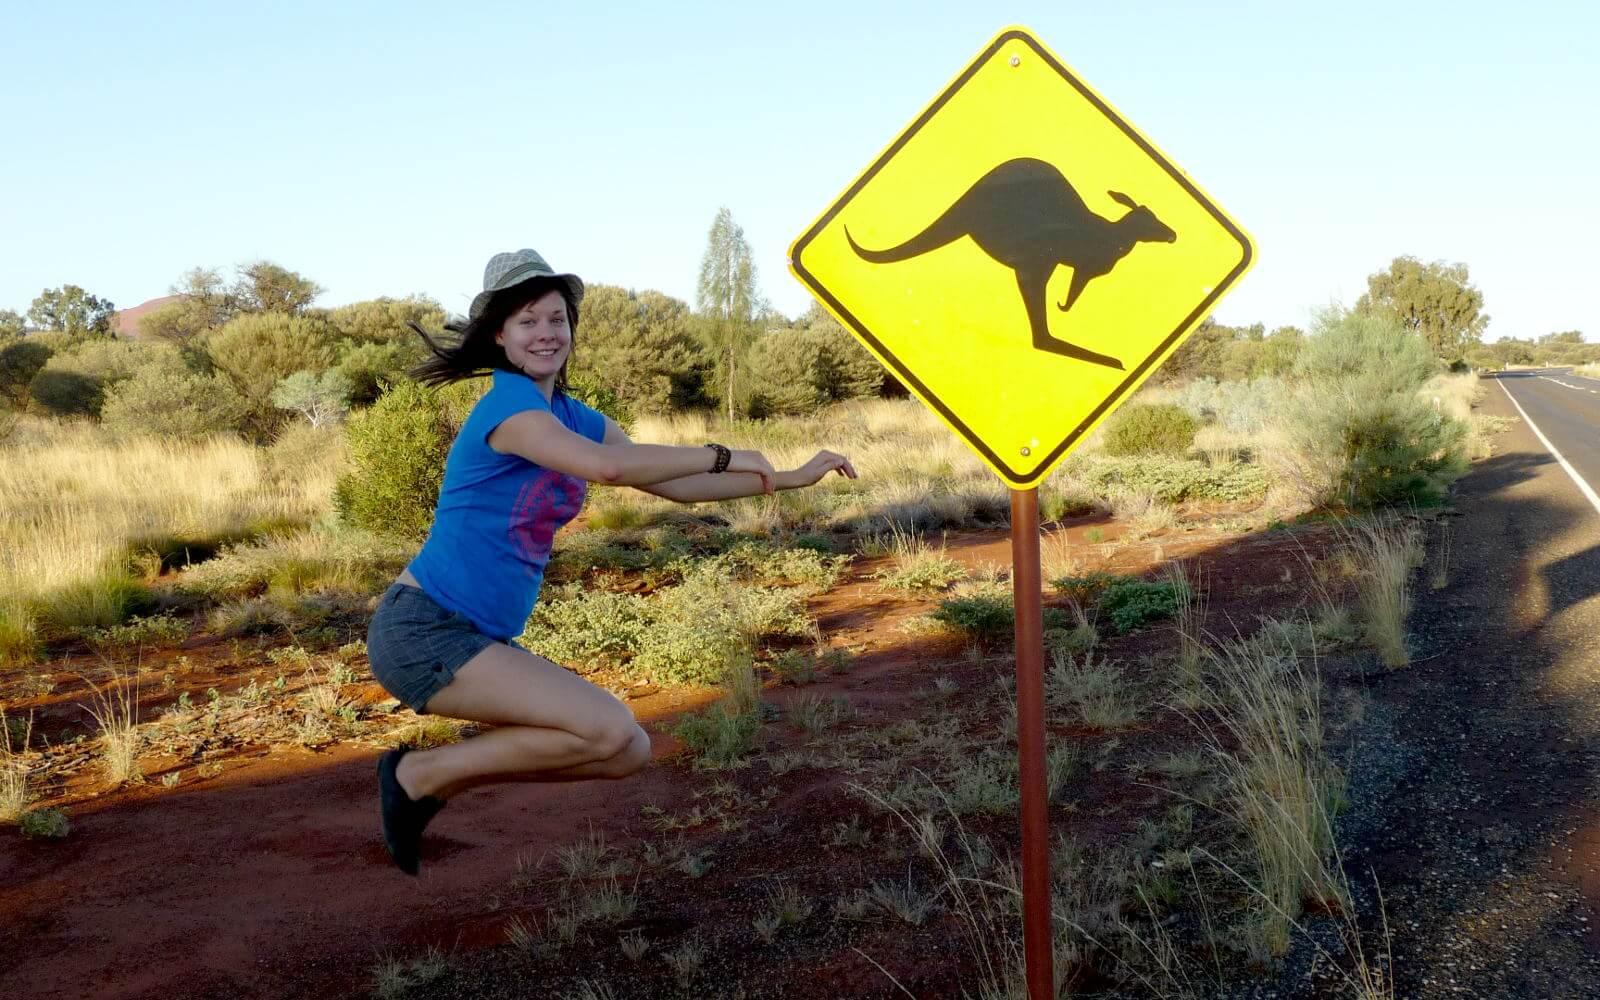 Reiseblog: Sandra in Australien
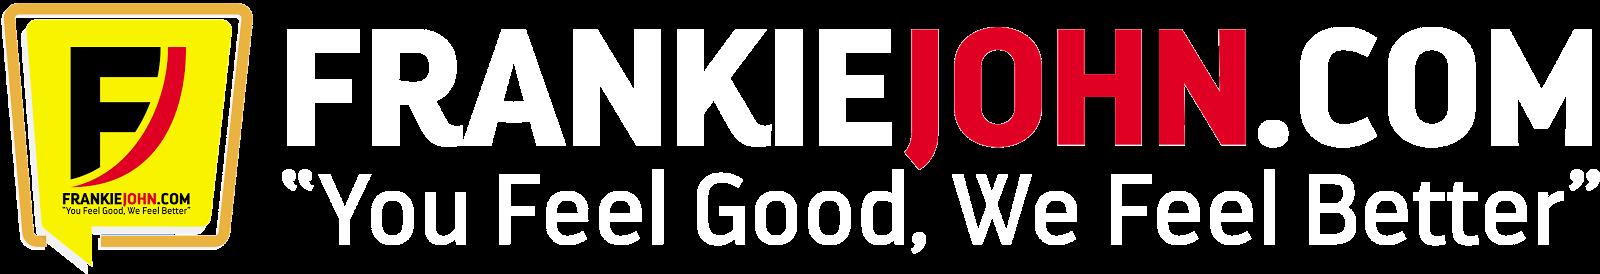 FrankieJohn.com Official Logo
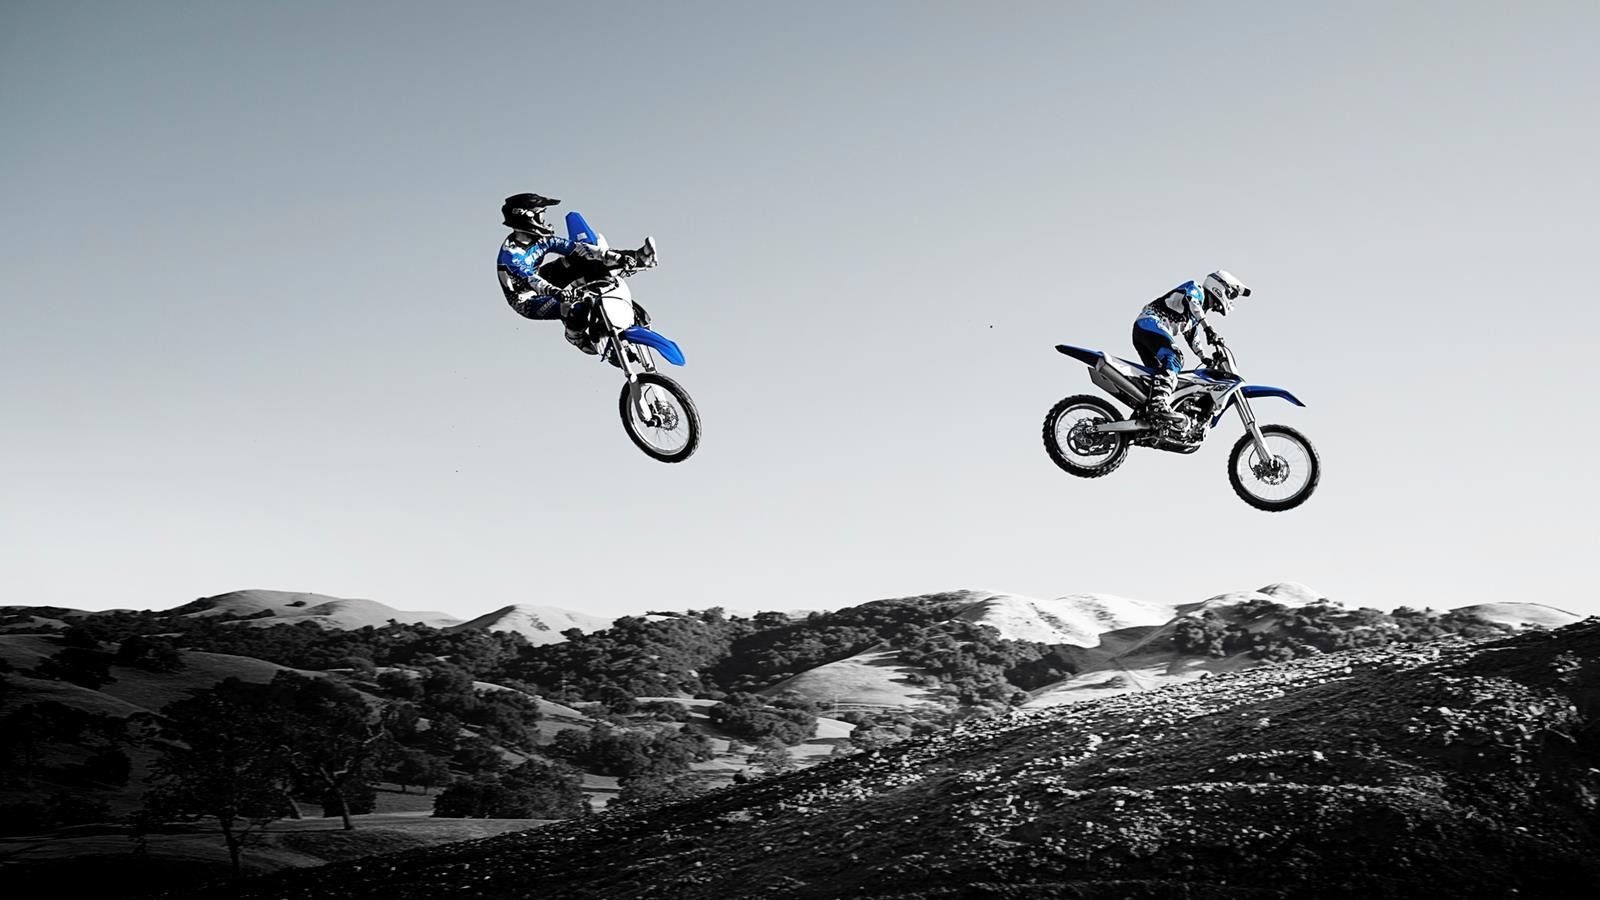 Ktm Motocross Wallpaper Hd 20 Fonds D 233 Cran Et Wallpapers De Moto La Poign 233 E Dans L
---
_Exercise requirements_. It would help to have the listing above repeated exactly, with all images removed.

_Exercise solution_.
 Reiseblog: Sandra in Australien
 FrankieJohn.com Official Logo
 Ktm Motocross Wallpaper Hd 20 Fonds D 233 Cran Et Wallpapers De Moto La Poign 233 E Dans L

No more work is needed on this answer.